September 16, 2021 - UTMediaCAT/mediacat-docs GitHub Wiki

Agenda

Welcome Colin!
Meeting scheduling going forward
Where is the data for the NYT that needs to be processed for MediaCat? The twitter crawler has completed its crawl of the NYTimes twitter handles. The results of the crawl are stored in '/media/data/twitter_crawl/mediacat-twitter-crawler/csv-nytimes/'.

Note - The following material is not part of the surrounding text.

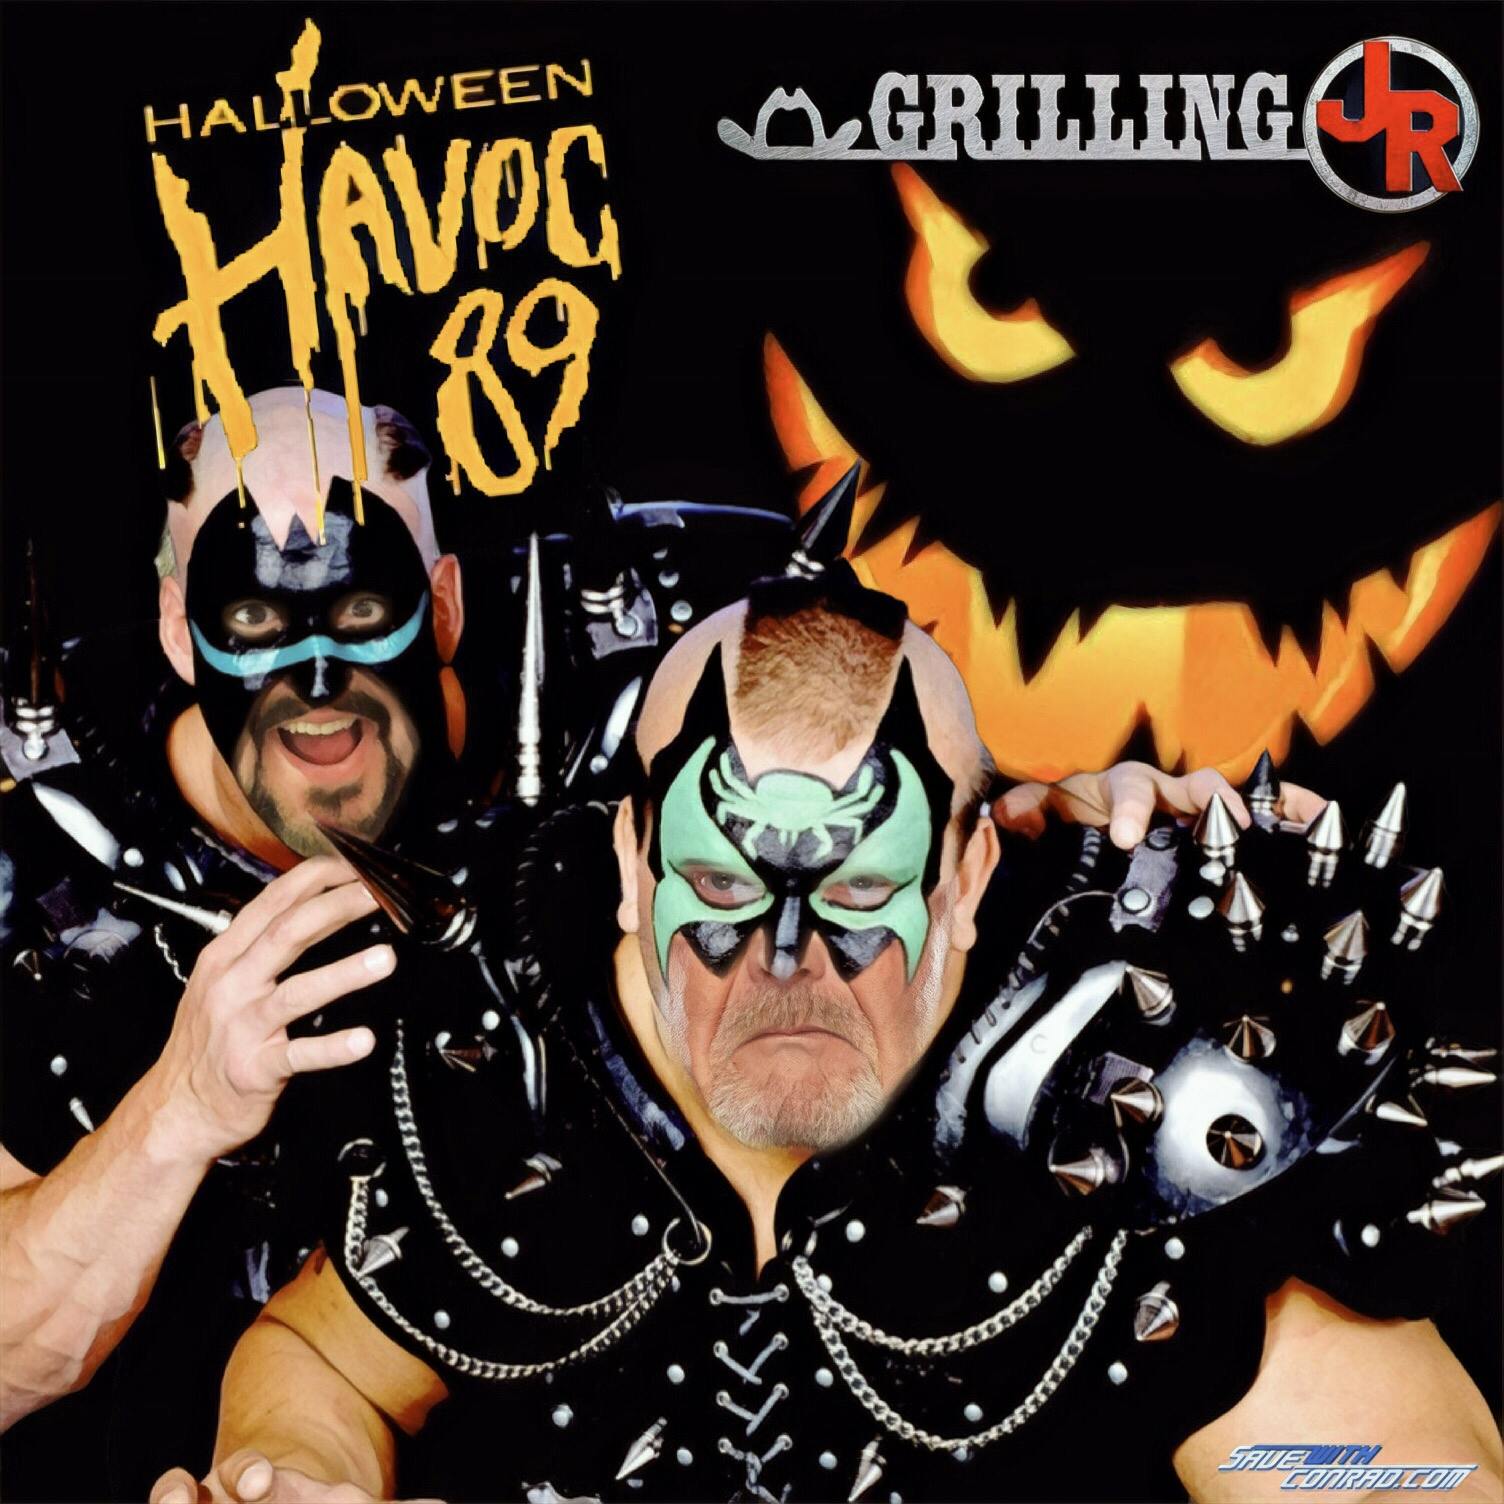 Episode 27: Halloween Havoc '89
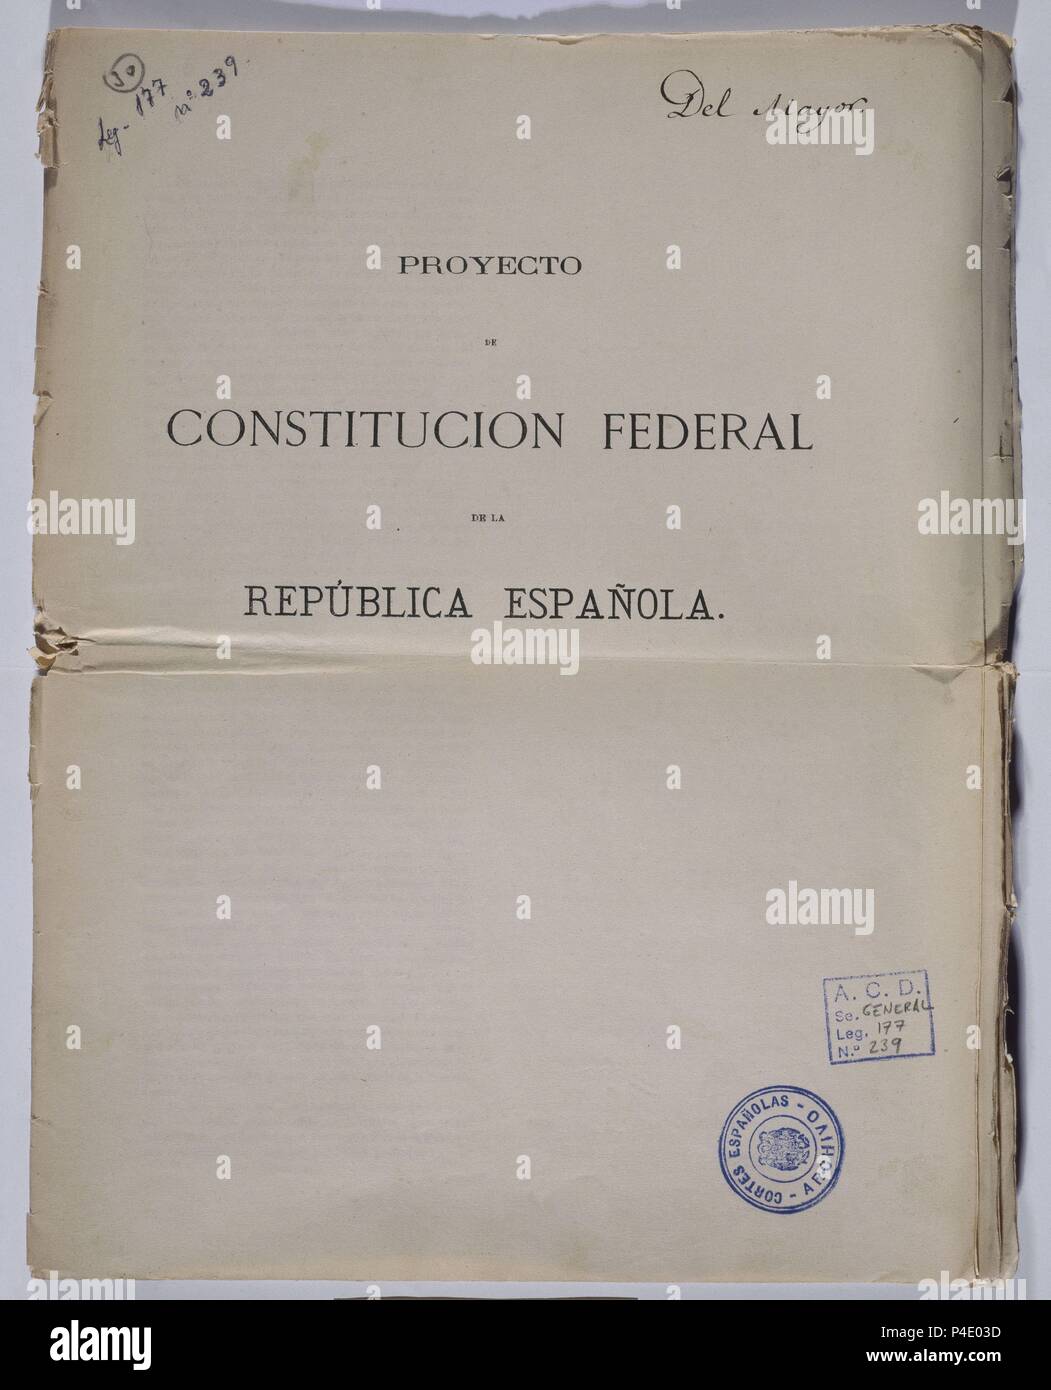 PROYECTO DE CONSTITUCION FEDERAL DE LA PRIMERA REPUBLICA - 1873. Location: CONGRESO DE LOS DIPUTADOS-BIBLIOTECA, MADRID, SPAIN. Stock Photo

The domain crawler is currently running (as of August 6th, 2021), under two different screens, one for the NYTimes Politics section and another for the NYTimes Middle East section. To check which screens are alive, use the screen -ls command. This will display the screens as well as their ID numbers. To reattach one of the screens, use the command screen -r <ID>. The domain crawlers are stored in the '/media/data/batch-crawl' directory. The results folder containing the JSON files are stored as follows: - NYTimes Politics: '/media/data/batch-crawl/nytimes-politics/mediacat-domain-crawler/newCrawler/Results/' - NYTimes Middle East: '/media/data/batch-crawl/nytimes-middle-east/mediacat-domain-crawler/newCrawler/Results/' The log files are found under: - NYTimes Politics: '/media/data/batch-crawl/nytimes-politics/mediacat-domain-crawler/newCrawler/logs/' - NYTimes Middle East: '/media/data/batch-crawl/nytimes-middle-east/mediacat-domain-crawler/newCrawler/logs/' The log files are stored in the newCrawler folder and once the time period has ended and the crawler is to be restarted, the log file is moved to the logs folder.

Update

John has managed to run the postprocessor.

Next steps:

Colin & John will meet so that John can introduce Compute Canada
Any compute canada resource issues, Alejandro will paste in agenda
reach out to Raiyan to see if can find recording about Compute Canada
John will run the postprocessor, and record the size of data from TWINNT & Domain Crawler, and how long it takes, and size of output file
John sees a memory error, it could be that the crawl processes never finished and now are taking up more memory. We will write to Raiyan to figure out if we can kill these processes to give space for John to run the postprocessor.
Next issue is to see what the output is from the postprocessor, and see if we can do a "single-site" post-processor on that output or if some change needs to happen.